Ça ne paraît peut-être
pas tous les jours, mais je suis historienne. J'ai un bac ce qui me
permet de m'arroger ce titre. Sans trop le vouloir, j'ai baigné dans
l'histoire socioreligieuse tout au long de mon parcours. J'y revenais
continuellement, sans même m'en rendre compte. Au bout d'un an, j'ai
fini par prendre les cours qui s'inscrivaient directement en ce sens,
dans toutes les directions. Ainsi, j'ai suivi un séminaire sur les
religions animistes de l'Afrique Noire, un autre sur les religions
traditionnelles de l'Asie, quelques cours sur le judaïsme, un paquet
de cours sur l'Islam et une pléthore de cours sur le christianisme.
Si j'ai suivi tant de
cours sur l'histoire de l'Islam c'est, en partie parce que j'étais
fascinée par son expansion fulgurante entre 634 et 751 de notre ère,
quasiment sans violence. À force de taxes et d'impôts rédhibitoires
plutôt qu'à coups d'estoc.

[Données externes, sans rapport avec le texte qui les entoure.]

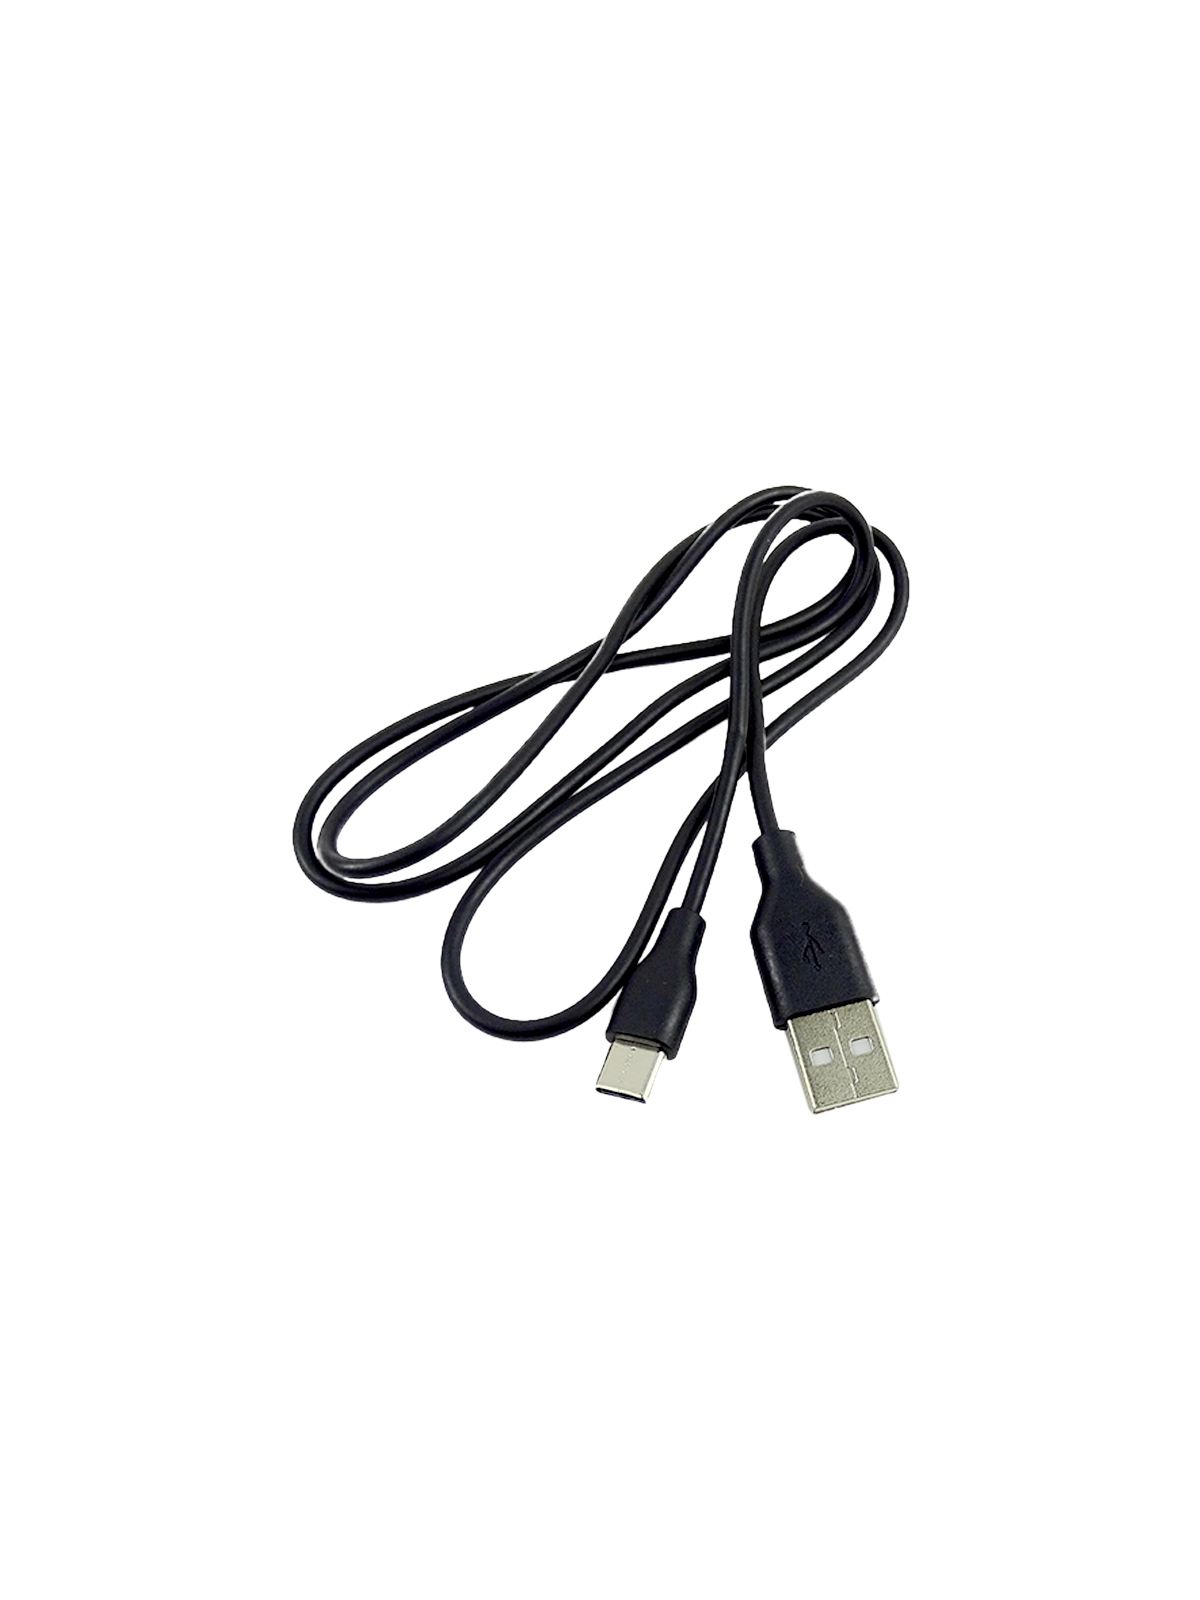 Дата-кабель "Exployd", USB - TYPE-C, круглый, чёрный, 1 м.
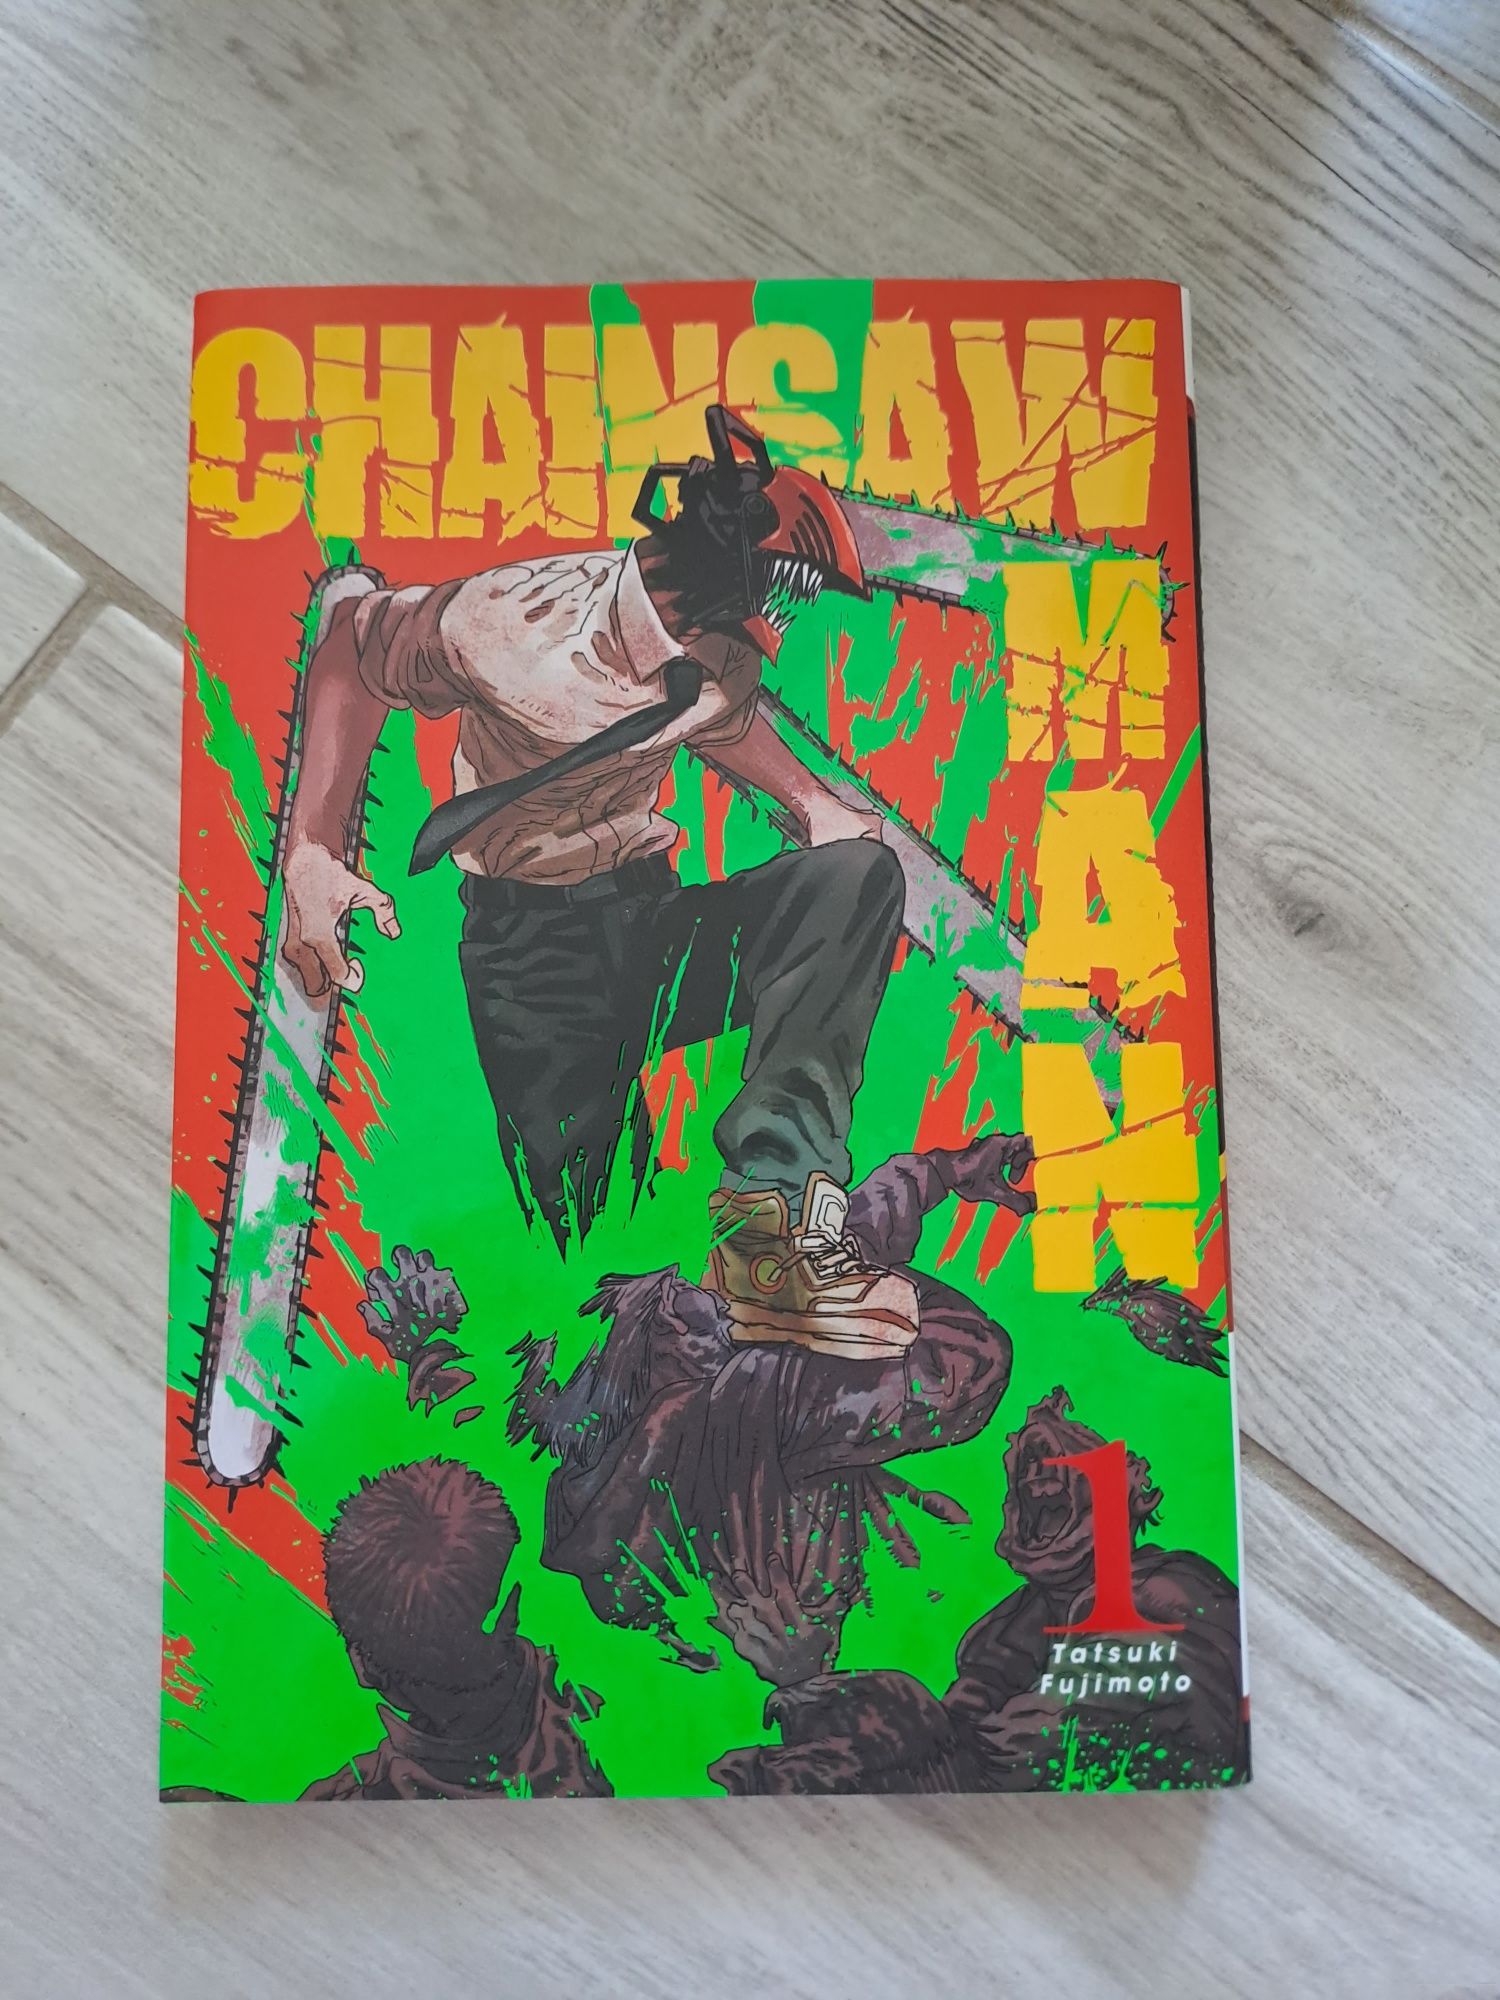 Manga Chainsawman - Tatsuki Fujimoto, tom 1

Je trouvais cette forme de prédication
et de manière d'occuper, certes par la force, le territoire,
pratiquement rafraîchissante si je comparais avec les pratiques de
mes propres ancêtres qui se tapaient dessus au nom d'un Dieu qui
n'avait jamais rien demandé de tel.
J'étais aussi intéressée
par la relation relativement distante que l'État gardait face à la
religion dans cette partie du monde et aussi le nombre de
connaissances scientifiques, culturelles qui foisonnaient à Bagdad
tandis que l'Europe croupissait dans son Moyen-Âge. Époque durant
laquelle l'éducation était clairsemée, les connaissances dans les
mains de peu de gens, l'alphabétisation élitiste et la pauvreté
galopante.
Pour désennuyer les
noblesses européennes, les empêcher de se pourfendre trop vivement,
il fut décidé d'aller chasser l'infidèle sur ses propres terres.
Au nom de Dieu. Un Dieu d'amour, de pardon, de solidarité et de
partage. Mais au nom de qui on justifiait les hordes d'assassinats
d'innocents pour des questions de politiques intérieures, si je
raccourci un peu le schéma.
Aujourd'hui, je crois que
la situation s'est inversée. Nous, Occidentaux, ne vivons plus au
Moyen-Âge. Nous avons (encore) accès à l'éducation, nous savons
massivement lire et écrire. Nous aimons la recherche, la science,
les découvertes technologiques. Notre rapport à Dieu se fait de
loin en loin. Mais, une partie du monde musulman semble pris quelque
part entre tradition et modernité. Les fous qui nous tombent dessus
à coups de kalachnikov et de ceintures explosives se targuent de
détruire des centres culturels parce que ceux-ci recèlent,
censément, des mensonges, des impiétés.
Aujourd'hui, au nom du
même Dieu, ce sont nos terres qui sont menacées, nos innocents qui
sont exécutés. Ce Dieu d'amour et de pardon qui donne le droit, par
la bouche de certains leaders, de semer la terreur et la désolation.
J'ai peur. Comme beaucoup
d'entre nous, je crois. Mais je ne suis pas tentée par les discours
protectionnistes. Je n'ai pas envie que la Terre soit parsemée de
murs plus hauts et plus longs que nature. Je crois que notre planche
de salut c'est la tendresse, l'écoute, la compréhension, autant que
faire se puisse.
Et par dessus tout
l'éducation sans œillères, celle qui permet les débats et les
échanges sains de points de vue.
Celle qui regarde,
discute, disserte, mais qui ne tue pas.